■ **What needs to be done**
Write out the full listing exactly as given, minus the images.

■ **Dataset excerpt**
···

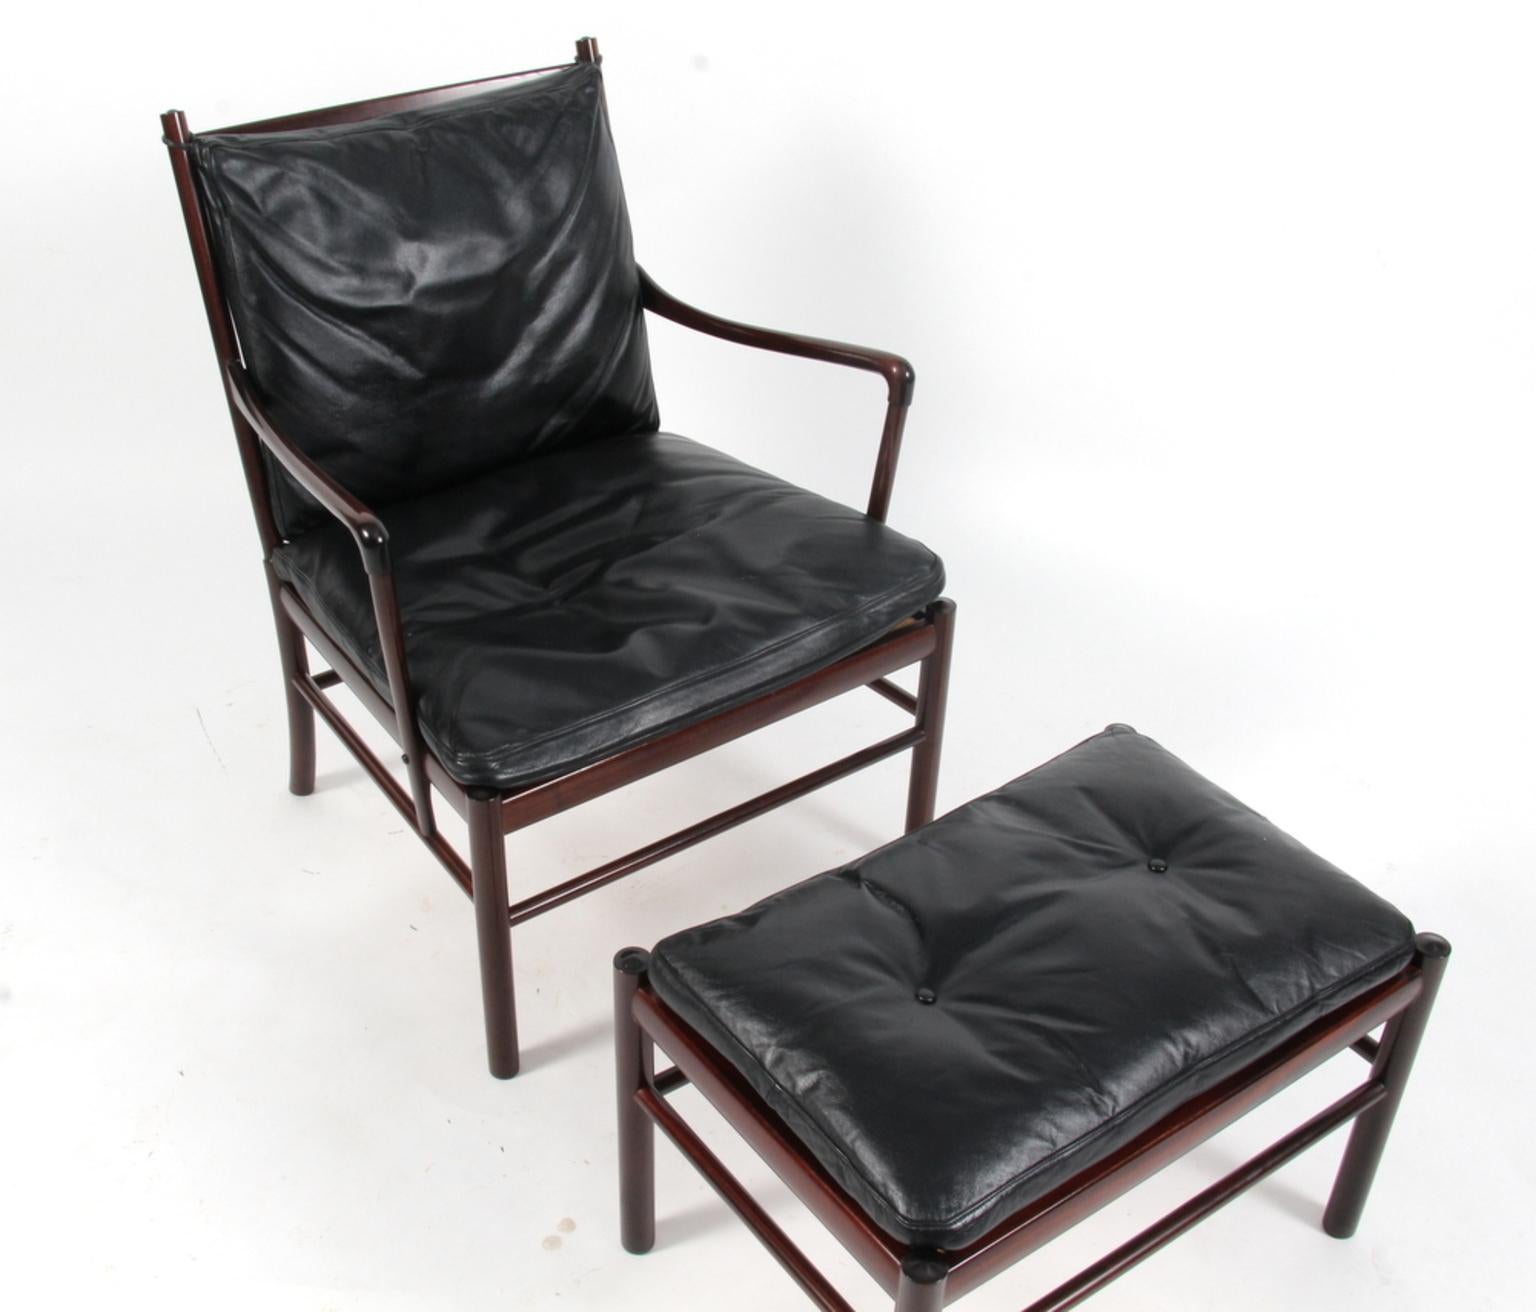 Ole Wanscher lounge chair and ottoman original upholstered with black leather.

Made in mahogany. 

Model PJ 149 colonial chair, made by Poul Jeppesen.

···

■ **Response box**
 Ole Wanscher lounge chair and ottoman original upholstered with black leather.

Made in mahogany. 

Model PJ 149 colonial chair, made by Poul Jeppesen.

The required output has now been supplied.